Branch reviewer + fixer loop — the reviewer diffs the session branch against the digest and emits a verdict. On VERDICT: FAIL, a branch fixer applies the findings and the reviewer re-evaluates. This repeats until a VERDICT: PASS or --max-retries (default: 2) is exhausted.
On VERDICT: PASS, the review branch is merged back into the session branch, then a PR writer agent authors the PR title and body from the actual diff, commit log, and plan context.

Supply --pr-body-file to skip the PR writer and use a static body instead.

Artifacts are saved to .workbench/<plan-id>/wrap-up/<session>/ (requirements.md, review.md, pr-body.md). wb status shows the latest verdict per session and the PR URL (or review path on fail).

PR override options

Flag	Description
`--pr-title TEXT`	Override the PR title (default: plan H1, then plan id)
`--pr-body-file PATH`	Use this file's content as the PR body (skips PR writer agent)
`--pr-base BRANCH`	Override the PR base branch (default: session's recorded base)
`--skip-pr`	Skip PR creation even on PASS verdict
`--pr-writer-directive TEXT`	Override the PR writer agent's instructions

gh must be installed and authenticated for PR creation. If it isn't available, the review still runs and a copy-pasteable gh pr create command is printed instead.
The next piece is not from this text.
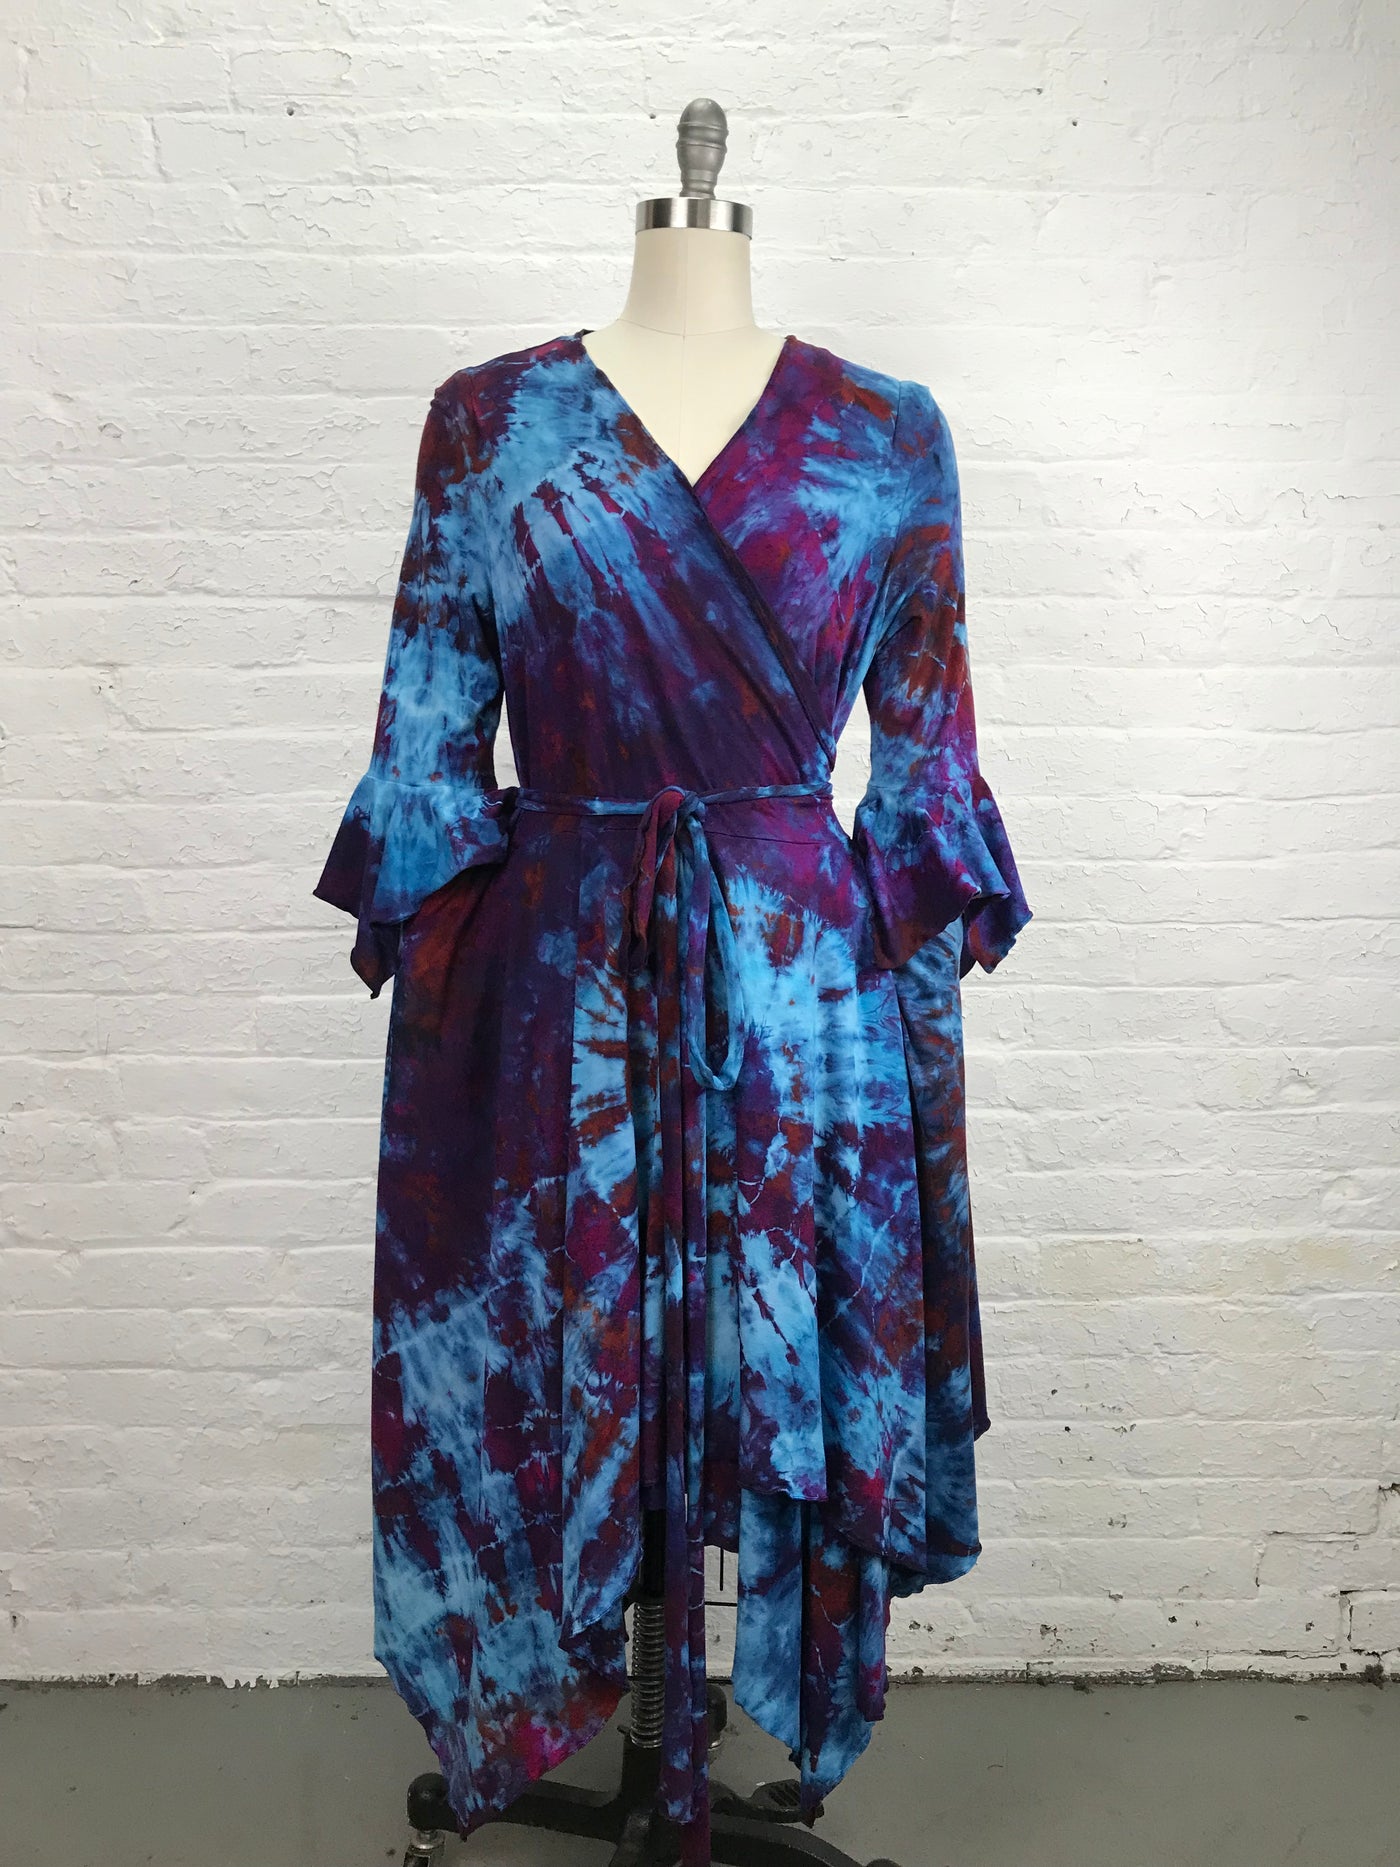 The Flamenco Wrap Dress in Falling Berries is a mix of blues and violets has an asymmetrical hemline and fitted elbow length sleeves that end in a delightful flounce. Wrap styling lends itself to an easy fit and a flattering V-neckline and pockets - front view

Open a PR without running a review

Use wb pull-request to create a PR directly for a completed session, without running the requirements review. The PR writer agent still authors the title and body from the diff:

wb pull-request myfeature
wb pull-request myfeature -b workbench-3    # if plan has multiple sessions

This is useful when the session branch is already reviewed and merged, or when you want to open a draft PR before running a formal review.

Cleanup

Workbench creates isolated git worktrees for each task. These are usually cleaned up automatically, but if any remain:

wb clean

This removes all workbench-created worktrees and wb/ branches. To also stop any running agent sessions:

wb stop --cleanup